| Records to use |
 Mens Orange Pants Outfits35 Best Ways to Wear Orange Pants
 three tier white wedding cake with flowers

--

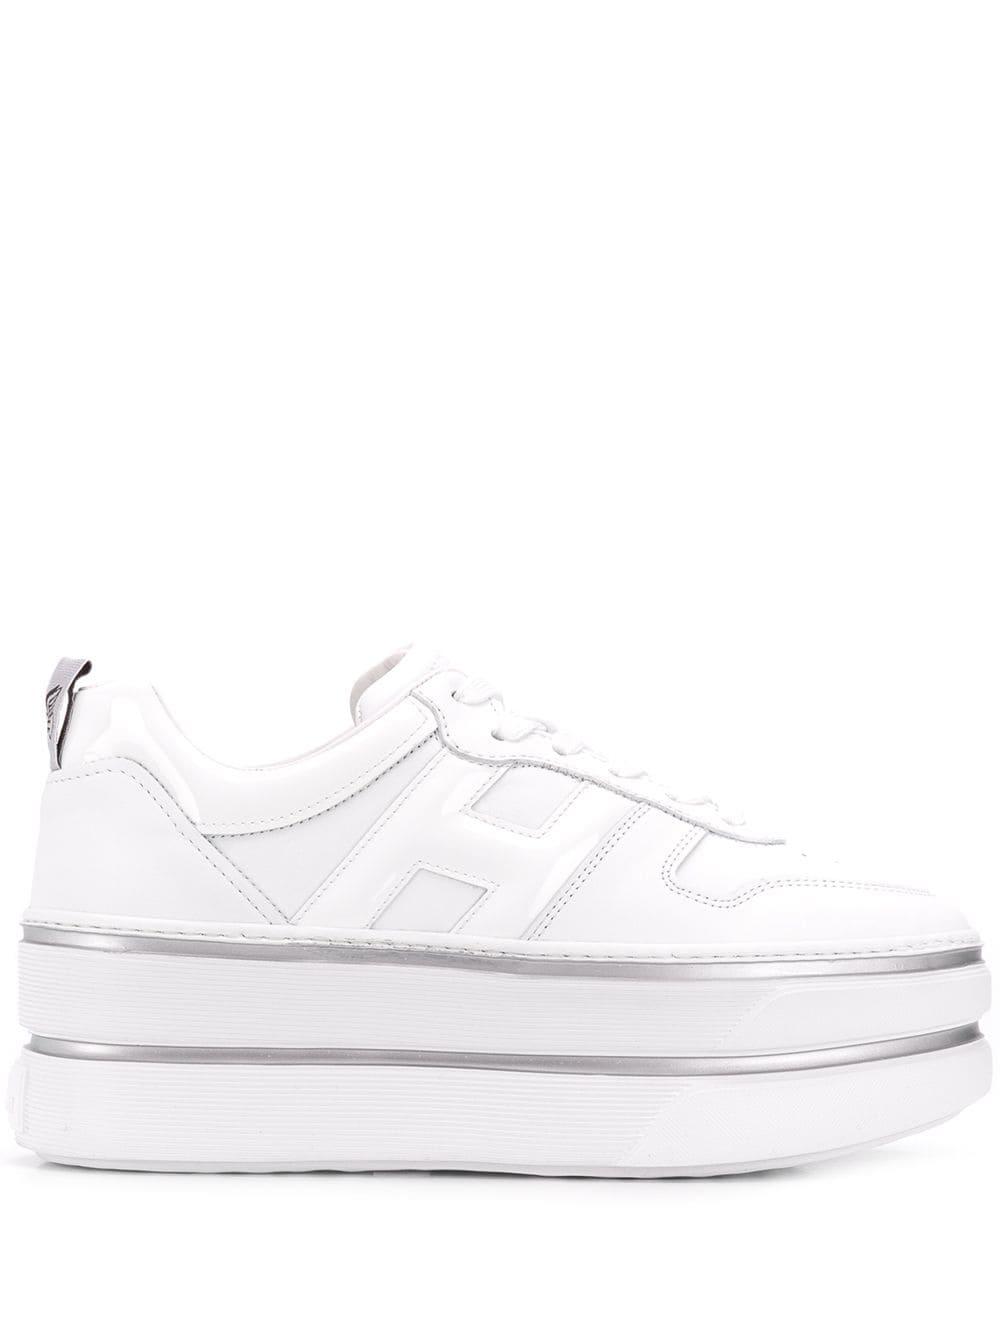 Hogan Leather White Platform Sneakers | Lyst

==

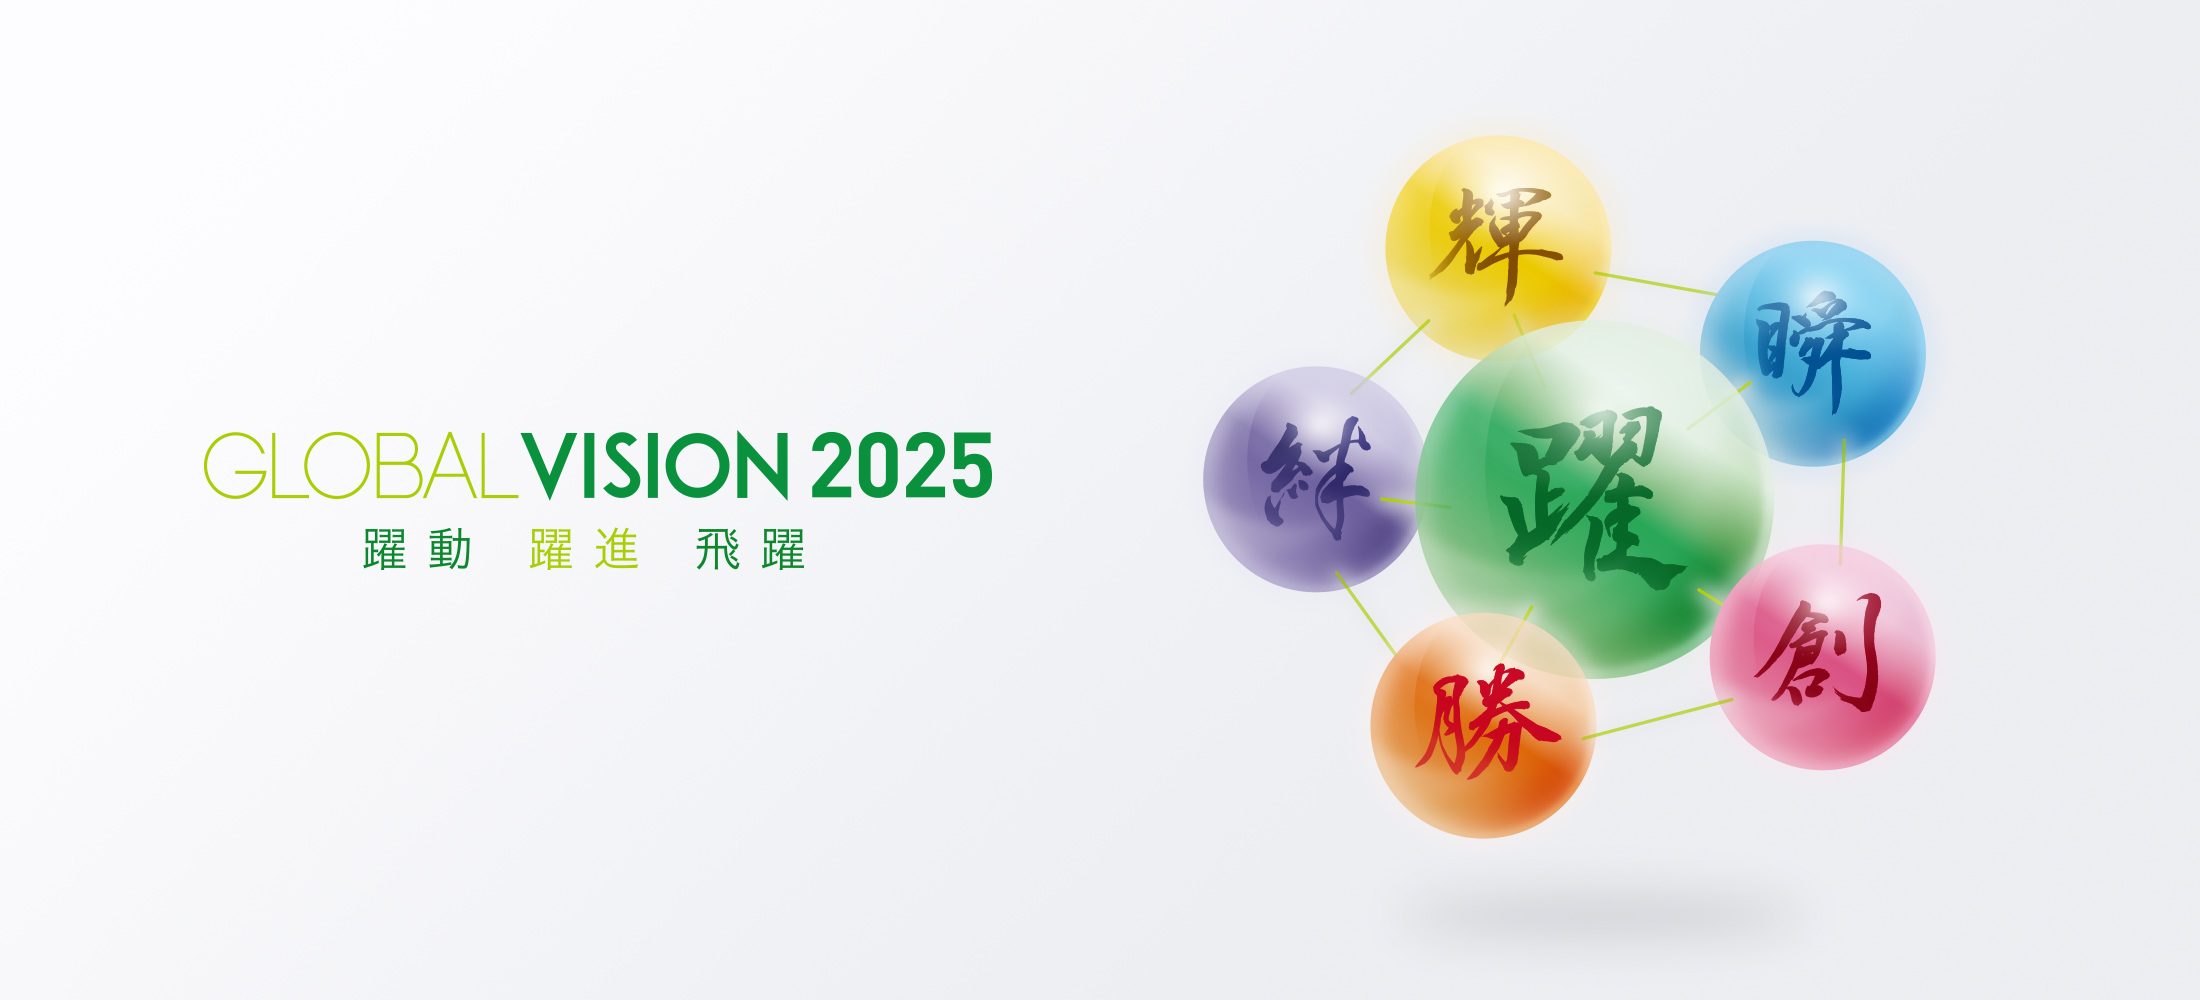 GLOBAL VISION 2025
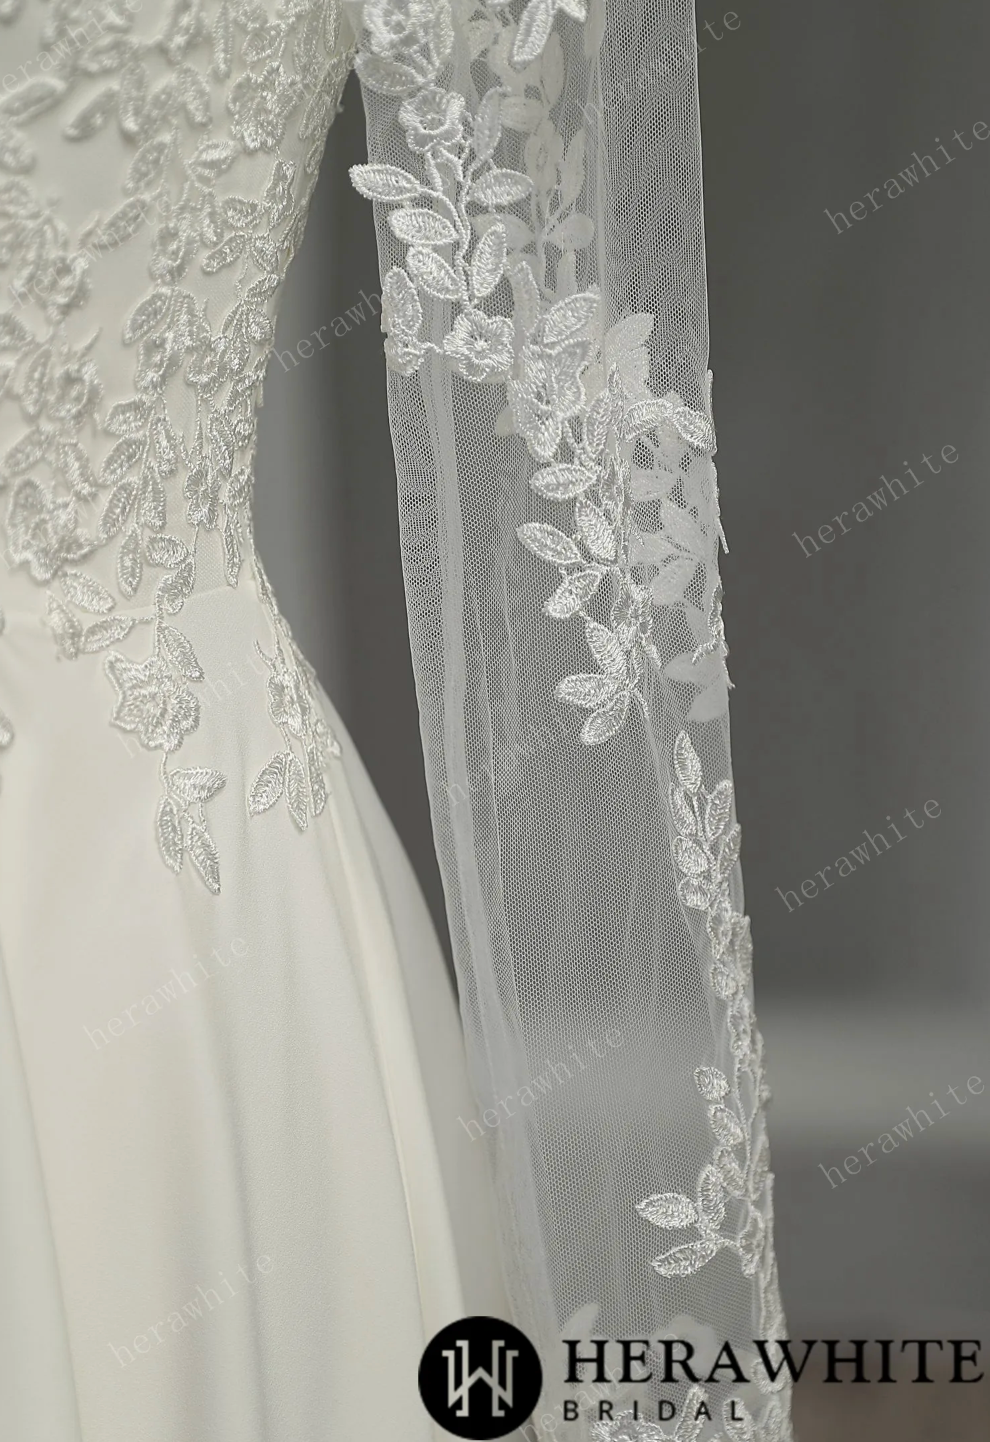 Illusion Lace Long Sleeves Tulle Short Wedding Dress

| Work order |
Starting with the line that holds "Mens Orange Pants" and ending with the line that holds "three tier white wedding cake with flowers", retype every line in the data above exactly, and nothing else.

| Answer to the exercise |
 Mens Orange Pants Outfits35 Best Ways to Wear Orange Pants
 three tier white wedding cake with flowers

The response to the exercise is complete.